Intriguingly, in calling Newman “the Saint,” Carroll had the chutzpah to “canonize” Newman sixty years before the Church did so, his act of presumption proving prophetic! Equally intriguingly, Carroll confessed that his work on the Newman anthology had “personal overtones” because his wife was a direct descendant of Newman’s brother.

It was, however, The Stranger which was Carroll’s most acclaimed and commercially successful work, being translated into French, German, and, rather bizarrely, Malayalam, a language spoken in parts of India. 

At the conclusion of his essay for The Book of Catholic Authors, Carroll expressed his hopes for the future: “My future work will, to a considerable extent, be in the biographical field; but there are a few themes for novels germinating in my mind, and I hope that they will prove fruitful in the not-too-distant future.” These words, written almost sixty-five years ago, appear almost tragic in retrospect.
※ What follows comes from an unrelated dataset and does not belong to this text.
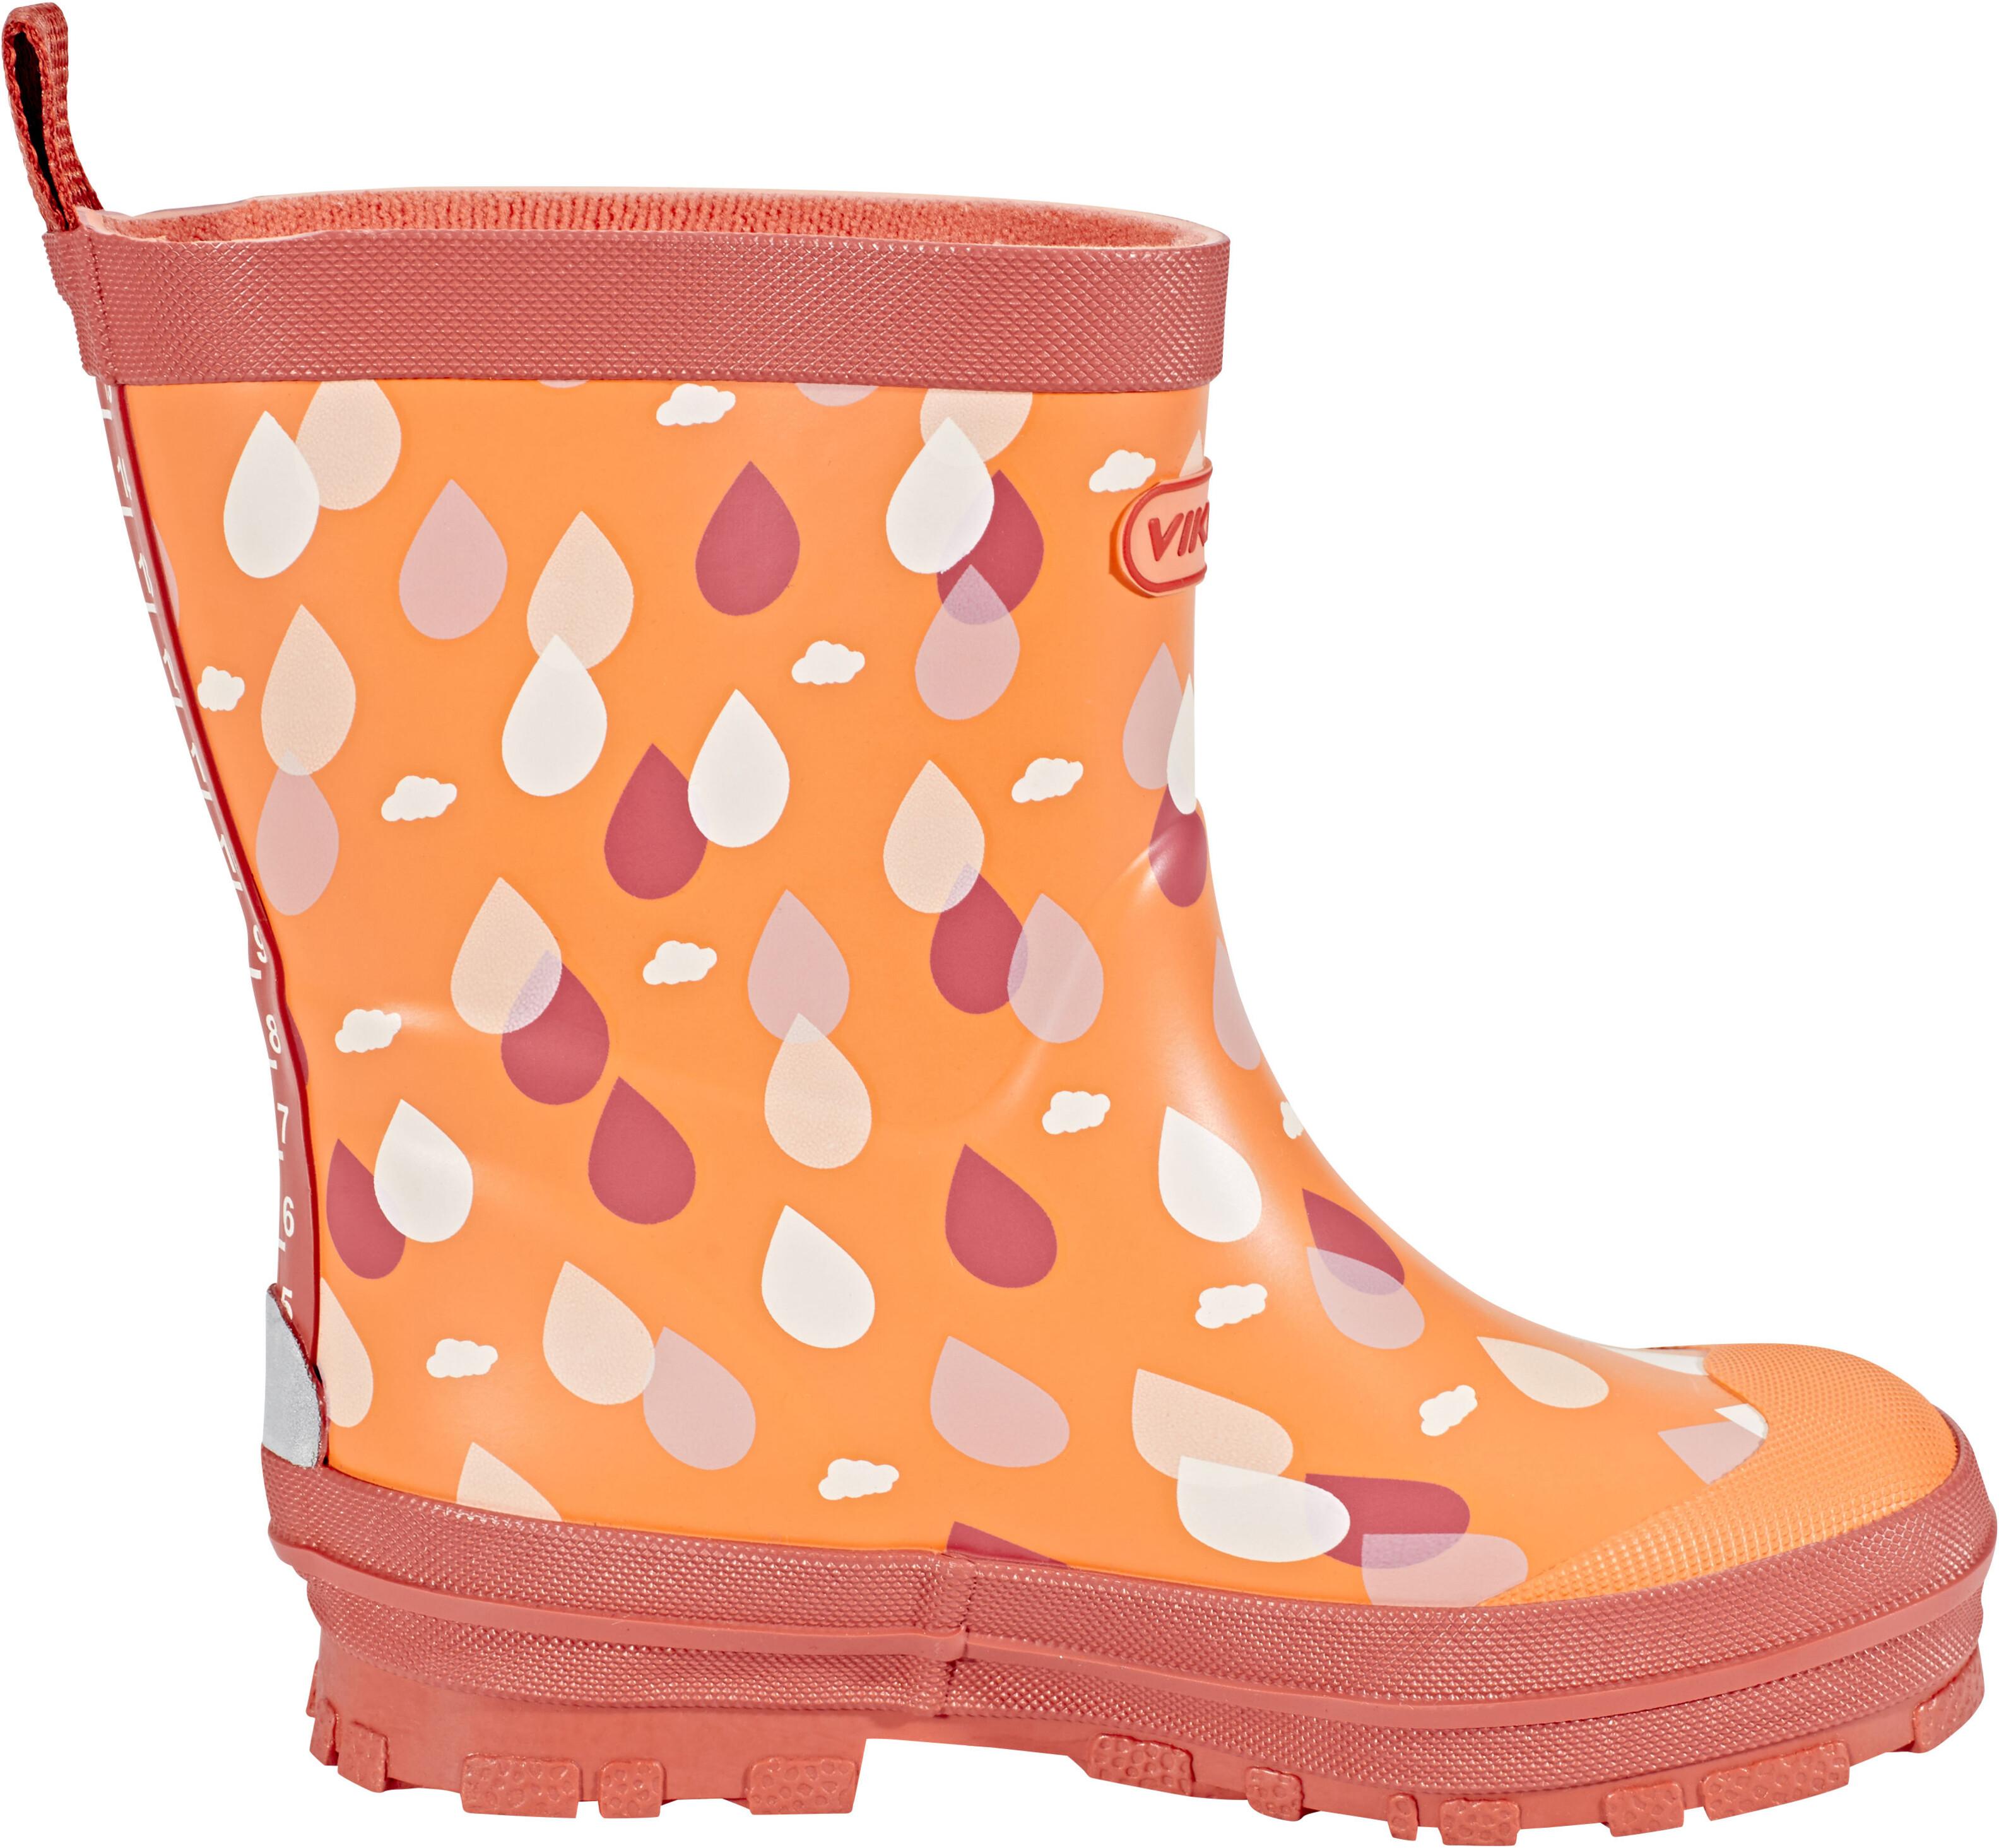 viking footwear dr pe bottes en caoutchouc enfant orange sur campz. Black Bedroom Furniture Sets. Home Design Ideas

Indeed, they might remind us of Hamlet’s last words: “The rest is silence.” 

Hamlet died upon uttering these words whereas Carroll would live until 2012, being in his mid-nineties when he died. It seems that everything he did after 1960 has been lost to posterity. The only other biographical sketch that I have been able to find online consists of two brief paragraphs, most of which refers to his work in the 1940s and ’50s. Apparently, he was a teacher in both Dublin and London and continued to write through the sixties and seventies. The rest is silence…

Considering Malachy G. Carroll’s obscurity, his sinking beneath the inexorable and unforgiving sands of time, we should rejoice that Cluny Media has published a new edition of The Stranger, rescuing it from oblivion. John Emmet Clarke and Scott W. Thompson of Cluny Media are themselves unsung heroes of Christendom, rescuing the literary legacy of the Catholic revival of the twentieth century and introducing it to new generations in our own beleaguered times. May their work continue to prosper.

As for Malachy G. Carroll, he deserves to be celebrated and his praises sung for the writing of this one solitary and special novel.

Many of us like to think that we have one novel within us. For most of us, it is merely wishful thinking. Malachy G. Carroll might have had only one novel in him, and he might have only one novel to his largely unknown name, but it’s a minor classic that every Catholic should read. We should sing his praises and celebrate his achievement by purchasing a copy of the Cluny Media edition. The Stranger deserves lasting fame; and its author need not be a stranger to fame. The rest need not be silence.